Leo Franciosi

Personal information
- Born: Leo Marino Franciosi 28 August 1932 (age 93) San Marino, San Marino
- Height: 172 cm (5 ft 8 in)
- Weight: 74 kg (163 lb)

Sport
- Country: San Marino
- Sport: Sport shooting
- Event: Trap

= Leo Franciosi =

Sammarinese sports shooter

Leo Marino Franciosi (born 28 August 1932) is a Sammarinese former sport shooter. He competed at the 1960, 1968, 1976 and 1980 Summer Olympics.
==Biography==
Franciosi was born on 28 August 1932 in the city of San Marino, in the microstate of San Marino. His father, Umberto, was a butcher, and Franciosi grew up in the hillsides in the village of Borgo Maggiore. He began working at his father's butcher shop at age 14. He also was a competitive sport shooter and in 1960, he was selected to participate for San Marino at the 1960 Summer Olympics in Rome, San Marino's first time competing at the games. Competing in the men's trap event, he placed 24th out of the 36 who advanced to the finals, hitting 176 of 200 targets, while the winner, Ion Dumitrescu, hit 192.

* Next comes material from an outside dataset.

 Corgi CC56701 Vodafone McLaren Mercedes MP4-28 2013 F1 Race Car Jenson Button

Franciosi returned to the Olympics in 1968 as one of two Sammarinese trap shooters selected. He served as the flag bearer for San Marino in the 1968 Summer Olympics opening ceremony. There, he had what the Los Angeles Times described in 1984 as his country's "greatest moment" at the Olympics, where the "beloved" Franciosi finished the first day's competition tied for first, after having not missed any shots. The Times noted that "the populace followed his progress minute by minute as best they could." The head of the Sammarinese National Olympic Committee recalled that "there was very great hope he could be first or second. He was afraid to win. He said, 'My gosh, I'm winning. I'm going to win' ... That's when you lose." He missed a number of shots on the second day and fell out of medal contention, ultimately placing 42nd.

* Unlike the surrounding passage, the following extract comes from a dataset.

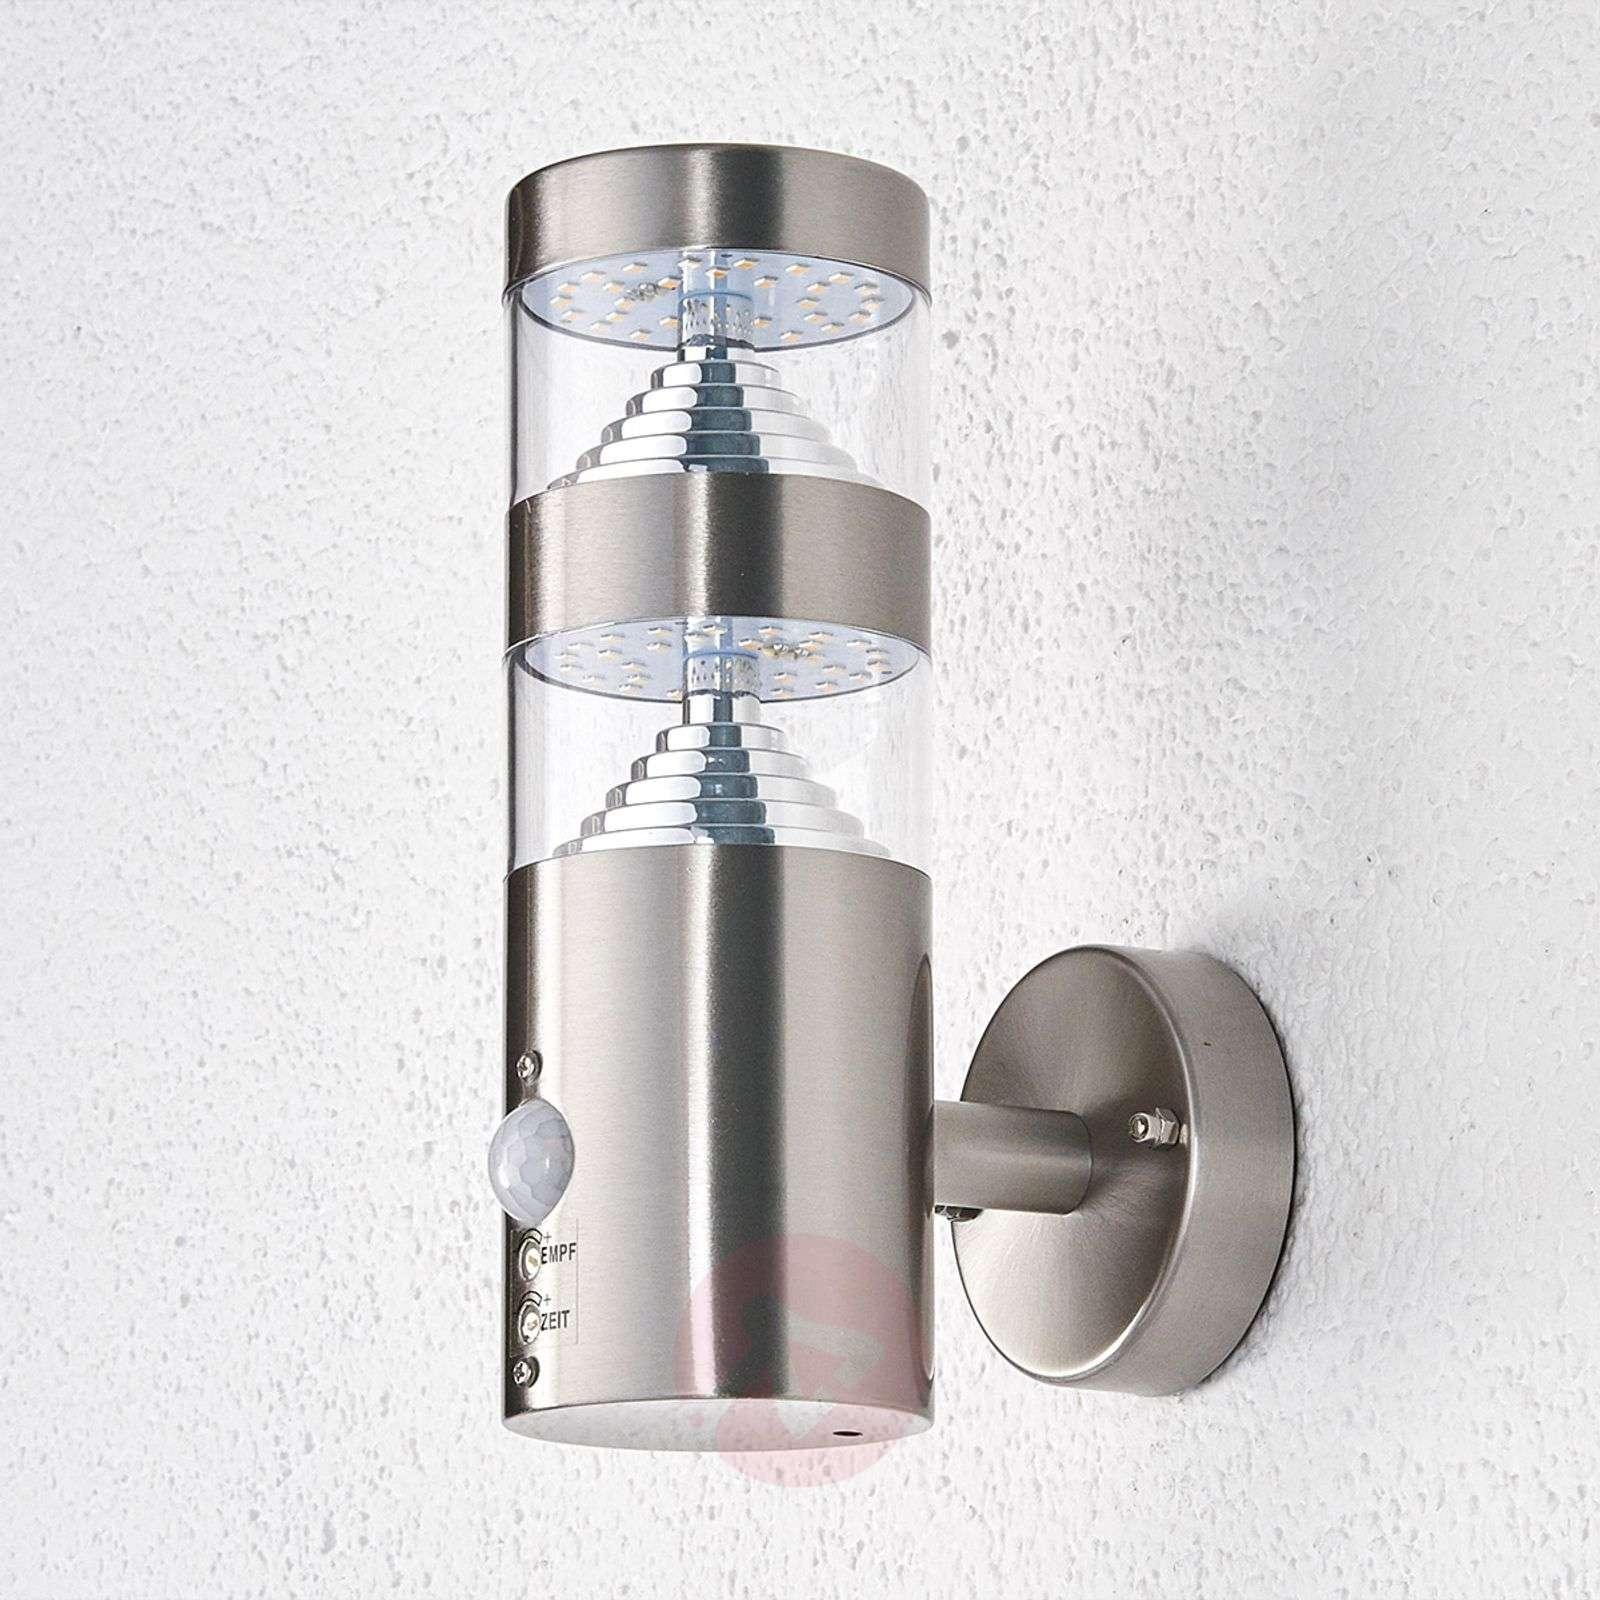 Lanea LED outdoor wall light, straight, sensor-9988006-02

Franciosi returned for the 1976 Summer Olympics, where he placed tied for 21st with a score of 175 out of 200. He competed at his final Olympics in 1980 in Moscow, tying with fellow Sammarinese Elio Gasperoni for 22nd place, with a score of 185. He retired afterwards and continued working at his father's butcher shop. By 1984, he was married. In later years, he competed in bowls, and by 2024, he was San Marino's oldest living Olympian.